§ What to produce
As an exercise in exact copying, transcribe the lines below from the one holding "Canadian - Soft" through the last, with both ends included and pictures left out.

- - - - - - -

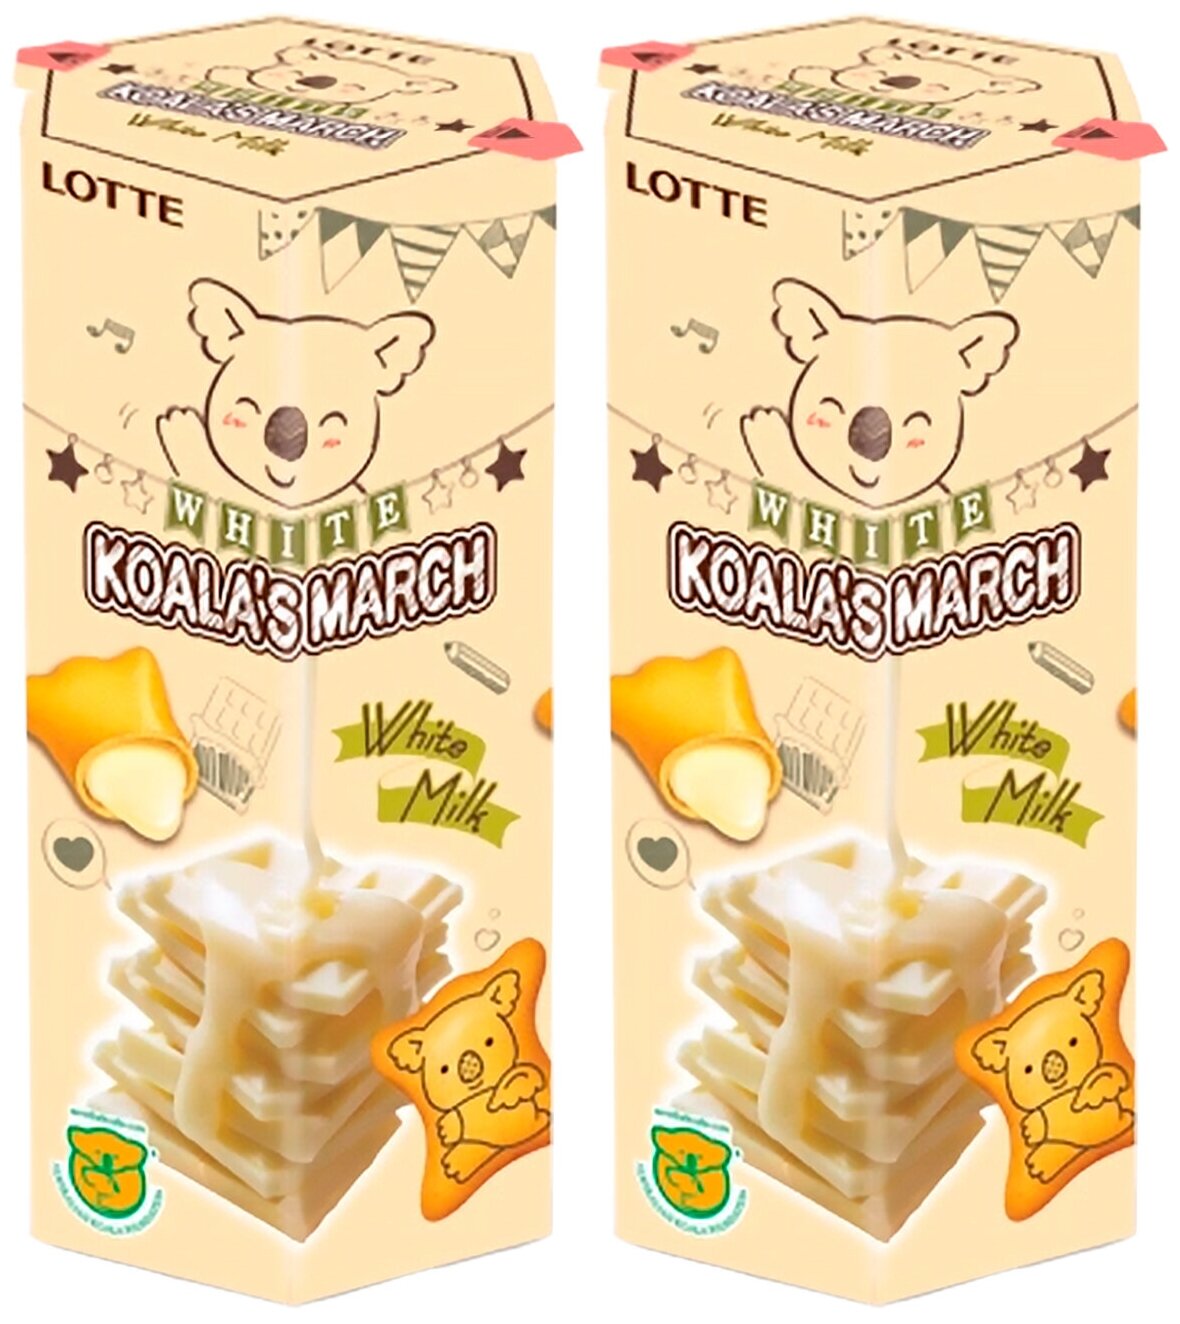 Печенье подушечки Lotte Koala's March White Milk с мочно-сырной начинкой (2 шт. по 37 гр.) - фотография № 1
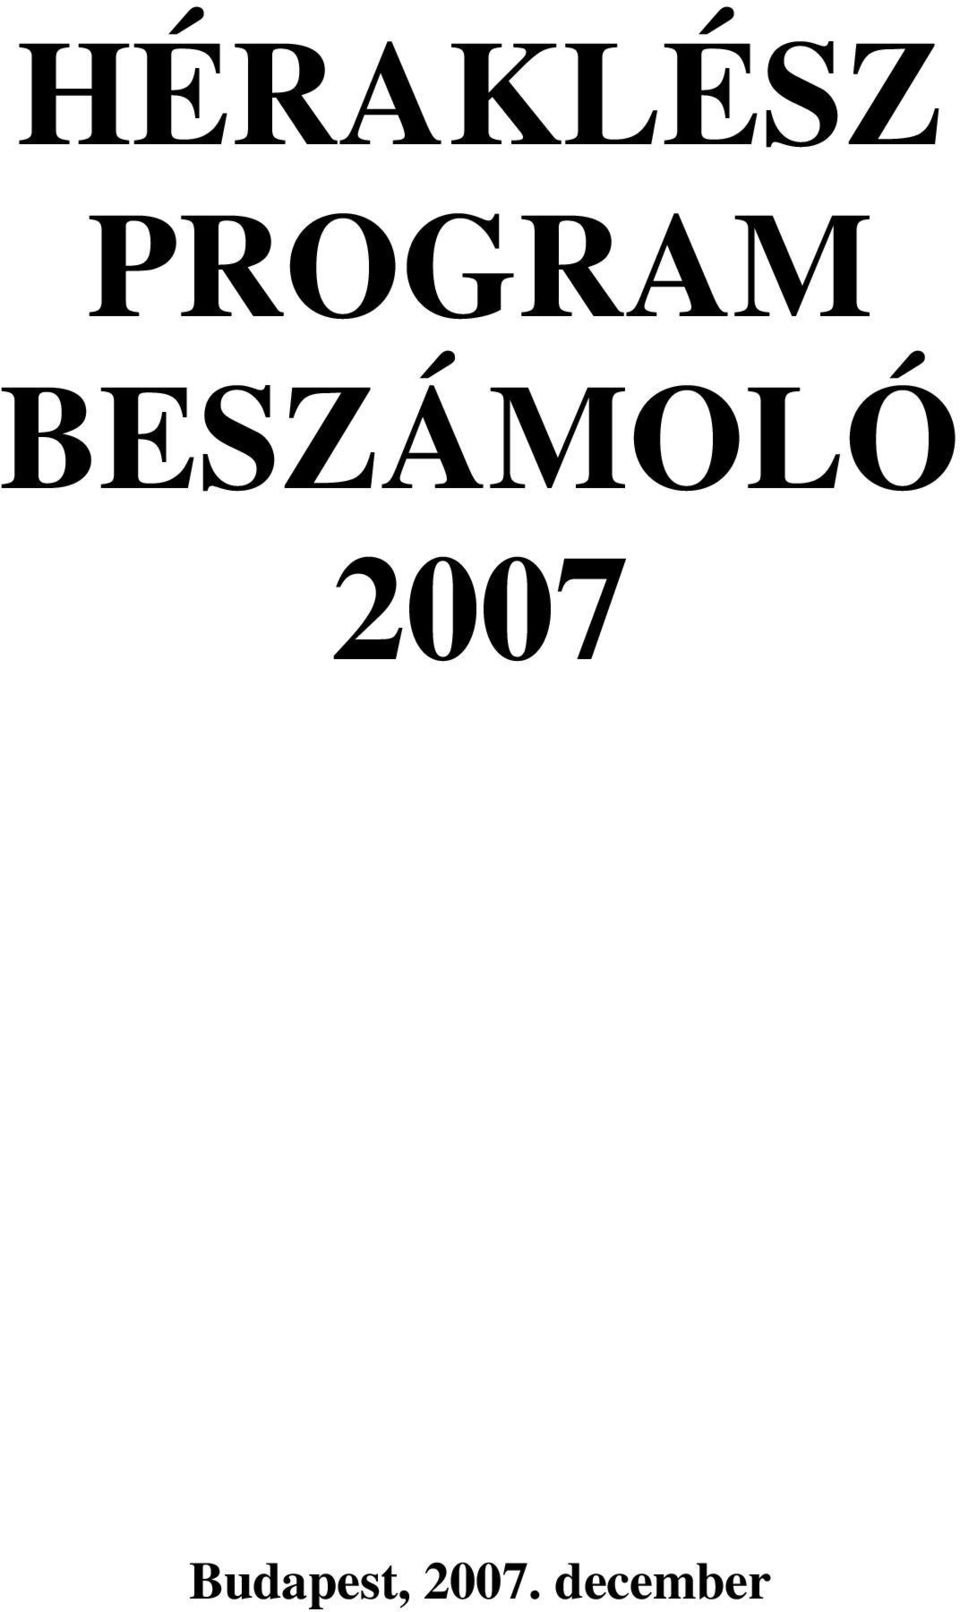 BESZÁMOLÓ 2007
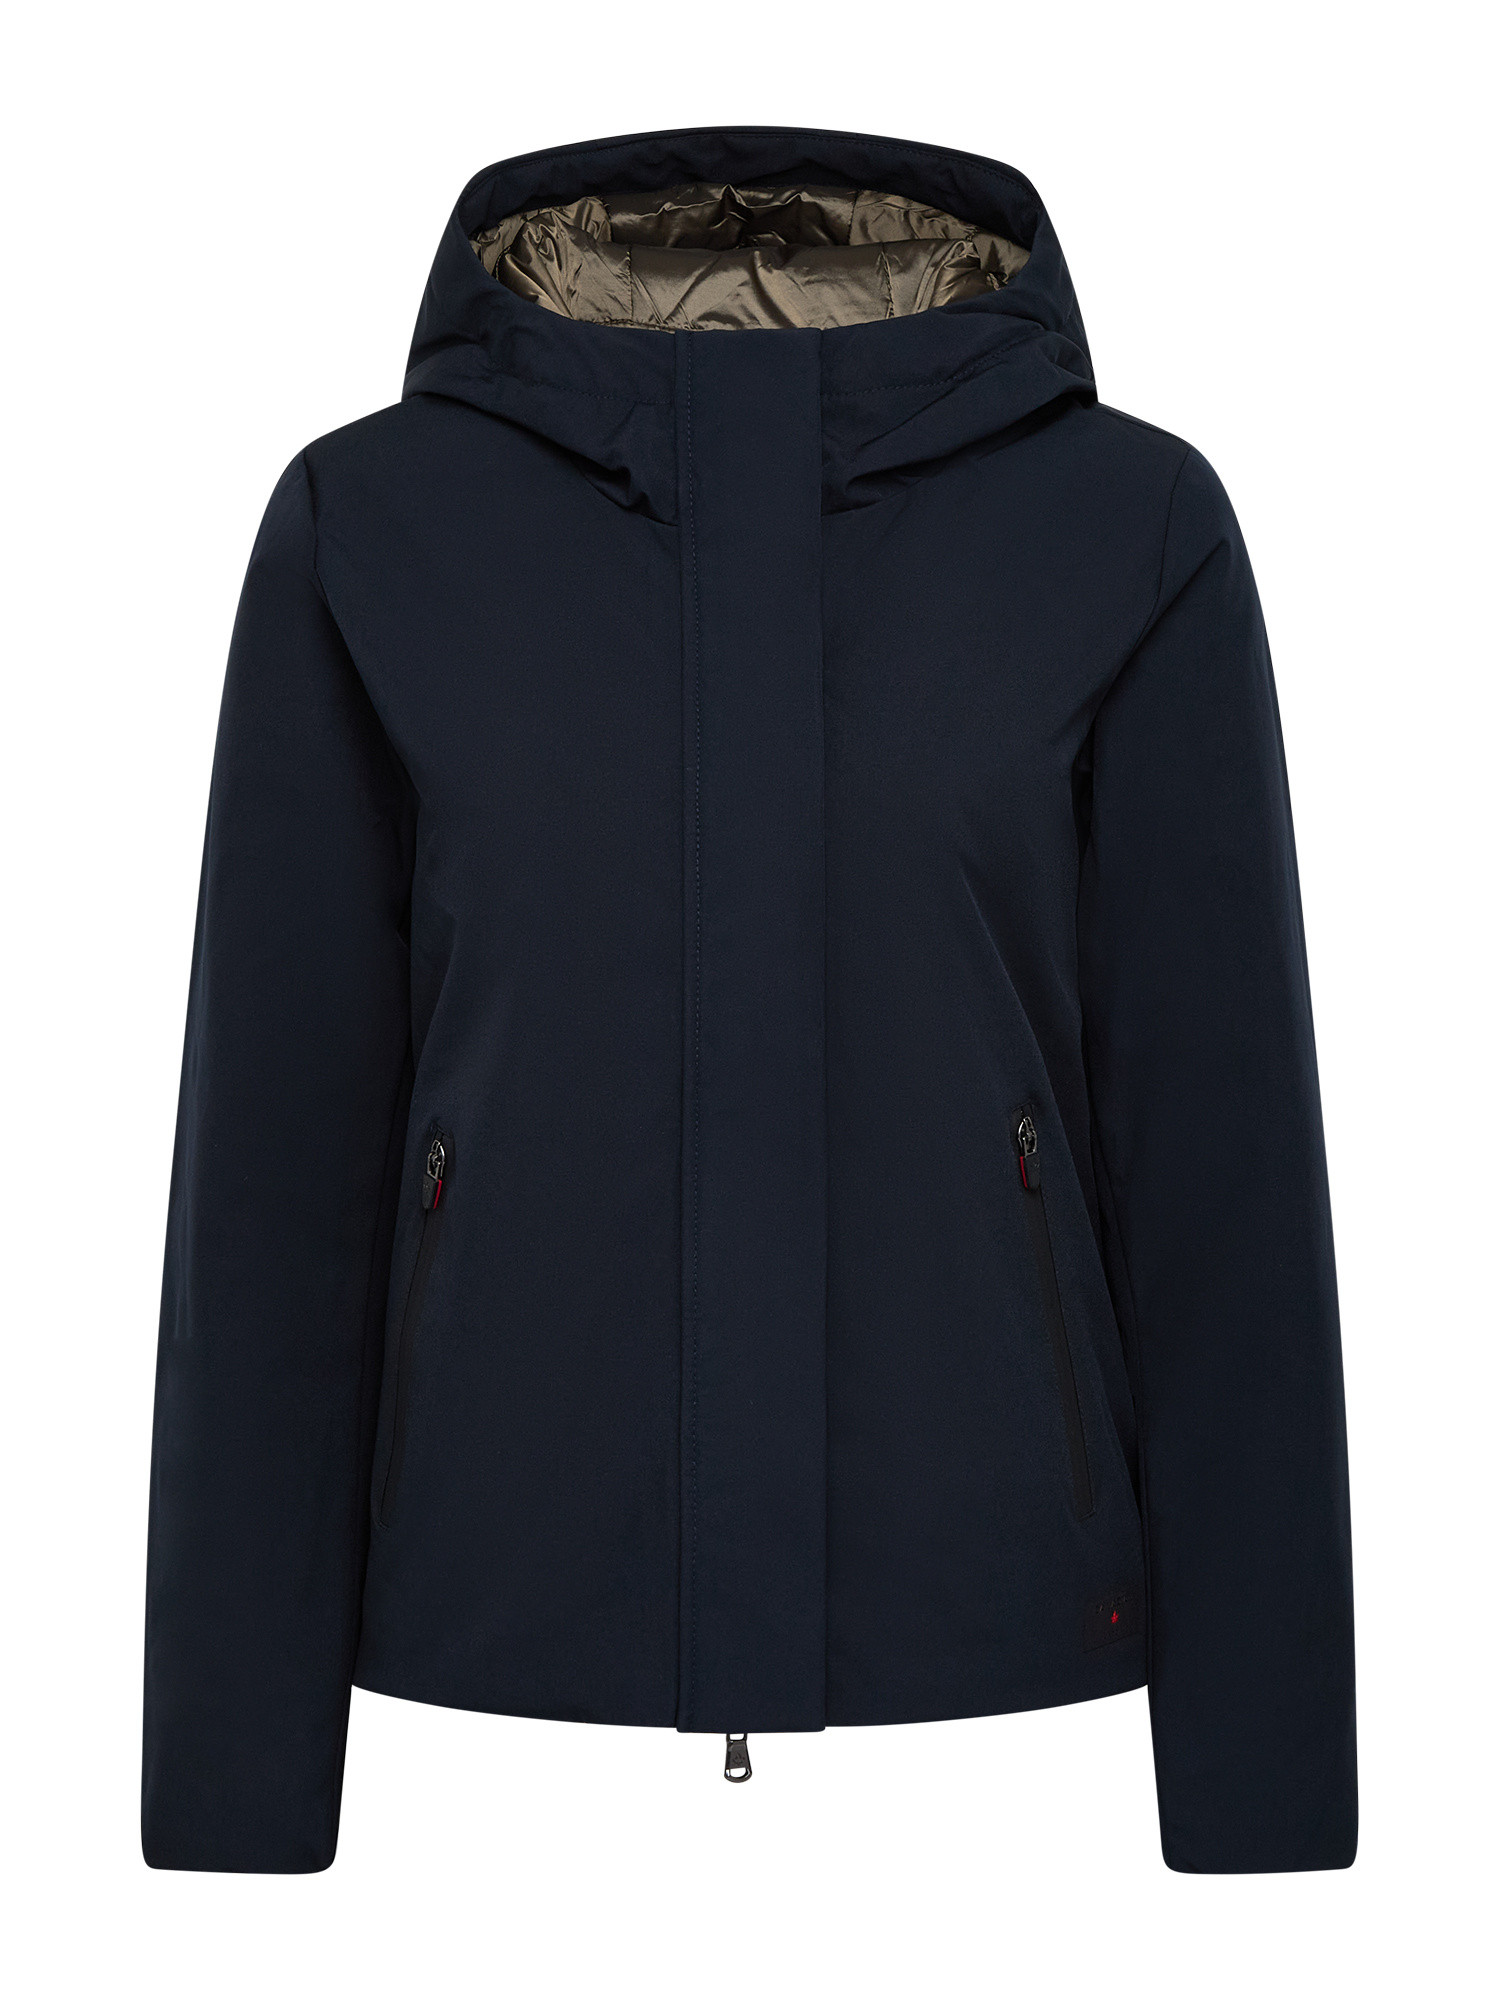 Canadian - Soft zip Jacket, Dark Blue, large image number 0
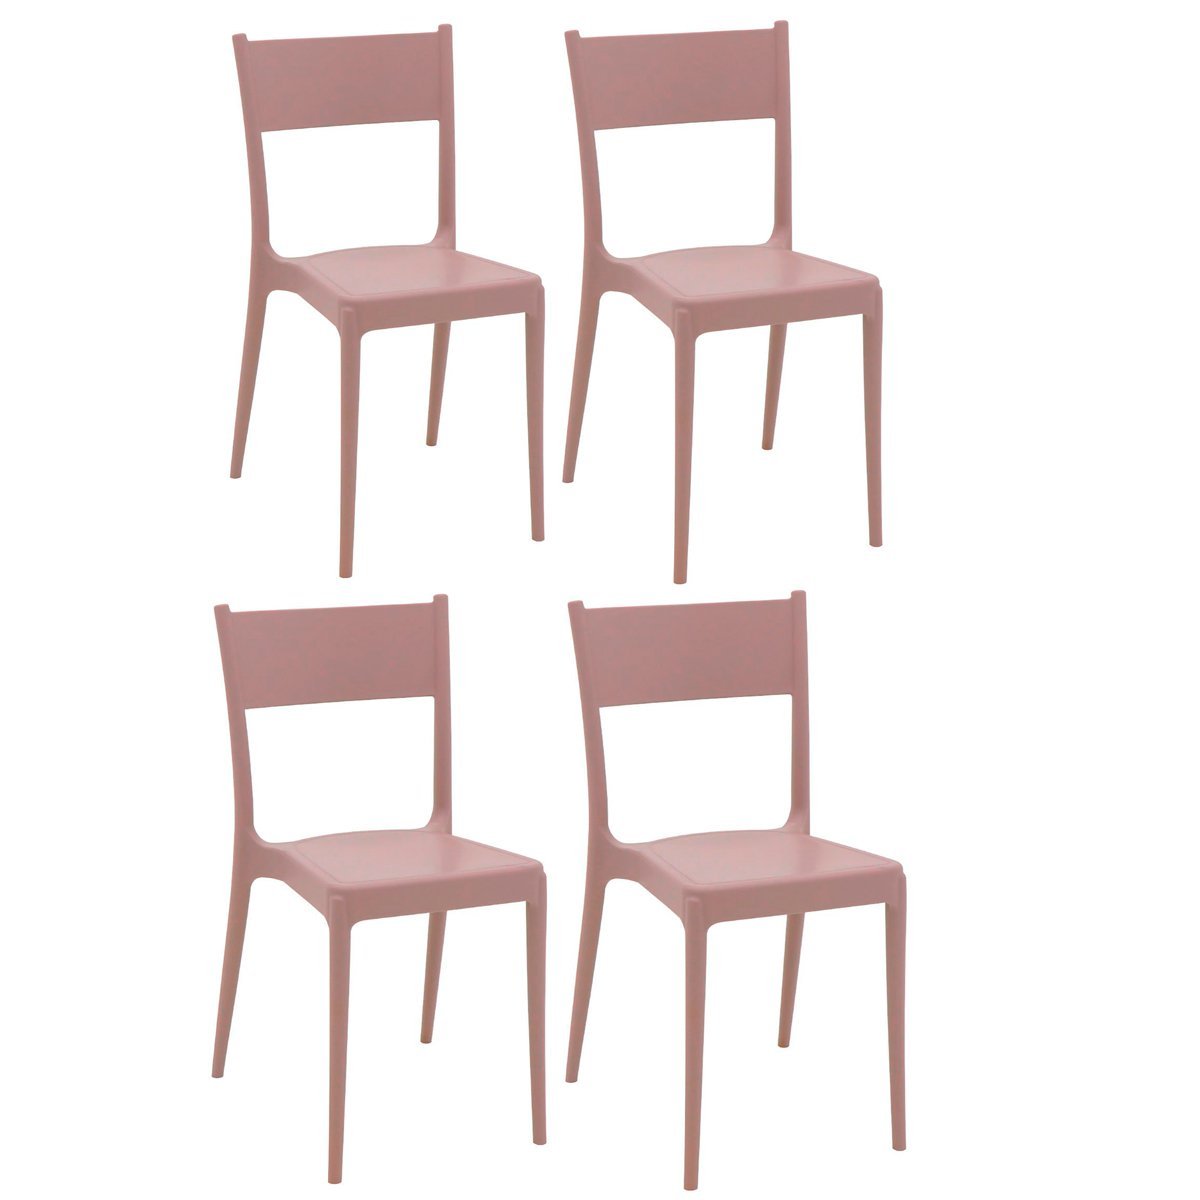 Conjunto 4 Cadeiras de Polipropileno e Fibra de Vidro Summa Eco Diana - Tramontina - Camurça 92030/4 - 1
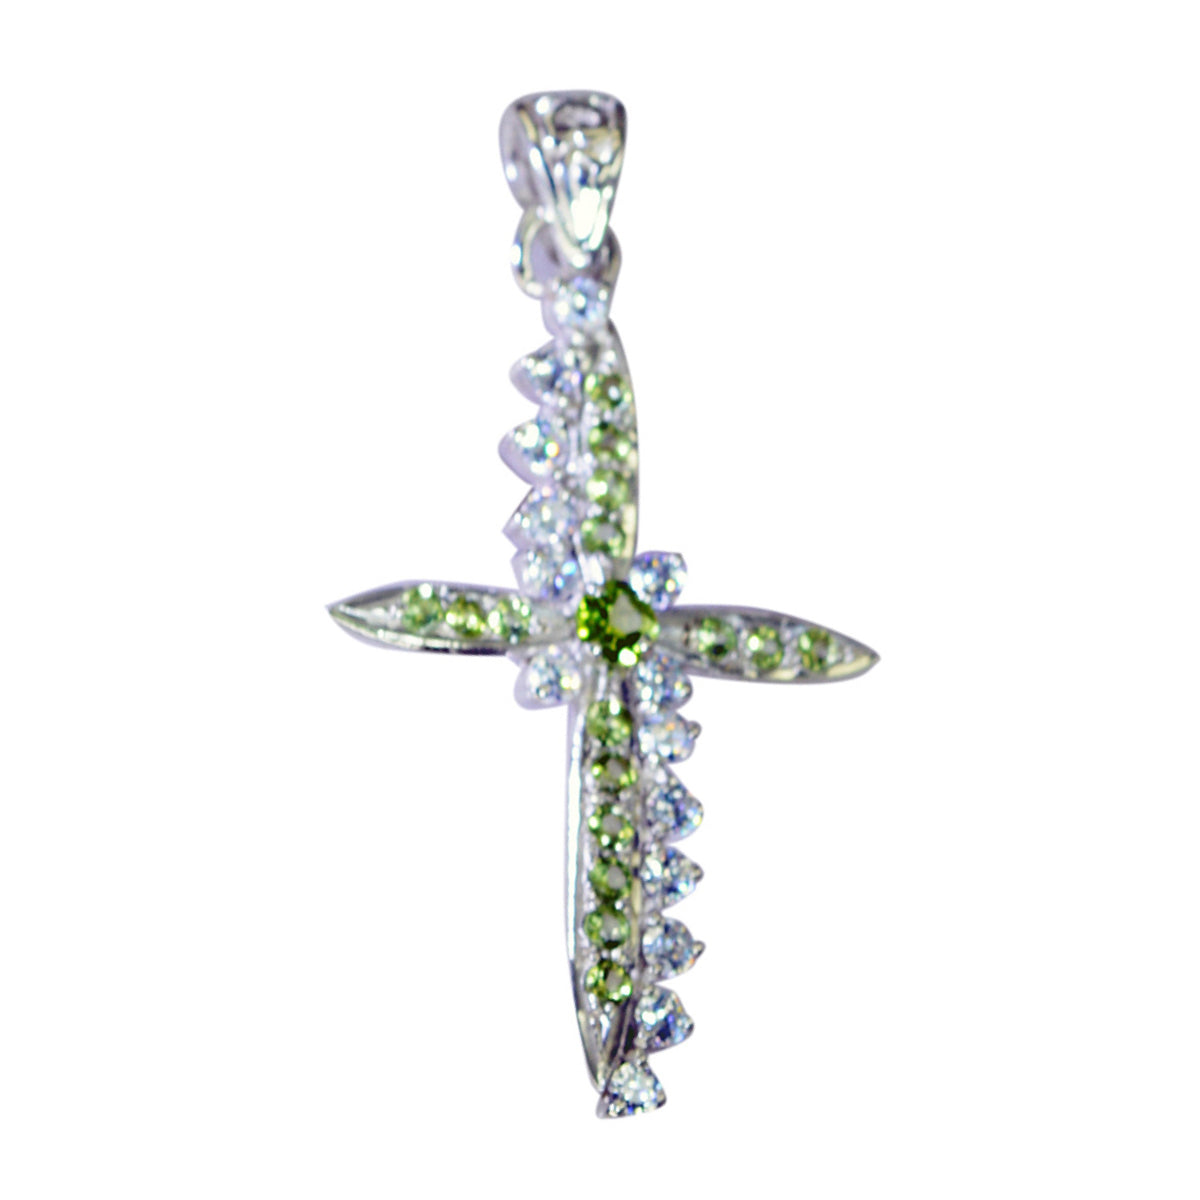 Riyo Ravishing Gems runder facettierter grüner Peridot-Silberanhänger als Geschenk zum zweiten Weihnachtsfeiertag

- - - - - - -

§ Response to the exercise
 Canadian - Soft zip Jacket, Dark Blue, large image number 0
 Conjunto 4 Cadeiras de Polipropileno e Fibra de Vidro Summa Eco Diana - Tramontina - Camurça 92030/4 - 1
 Riyo Ravishing Gems runder facettierter grüner Peridot-Silberanhänger als Geschenk zum zweiten Weihnachtsfeiertag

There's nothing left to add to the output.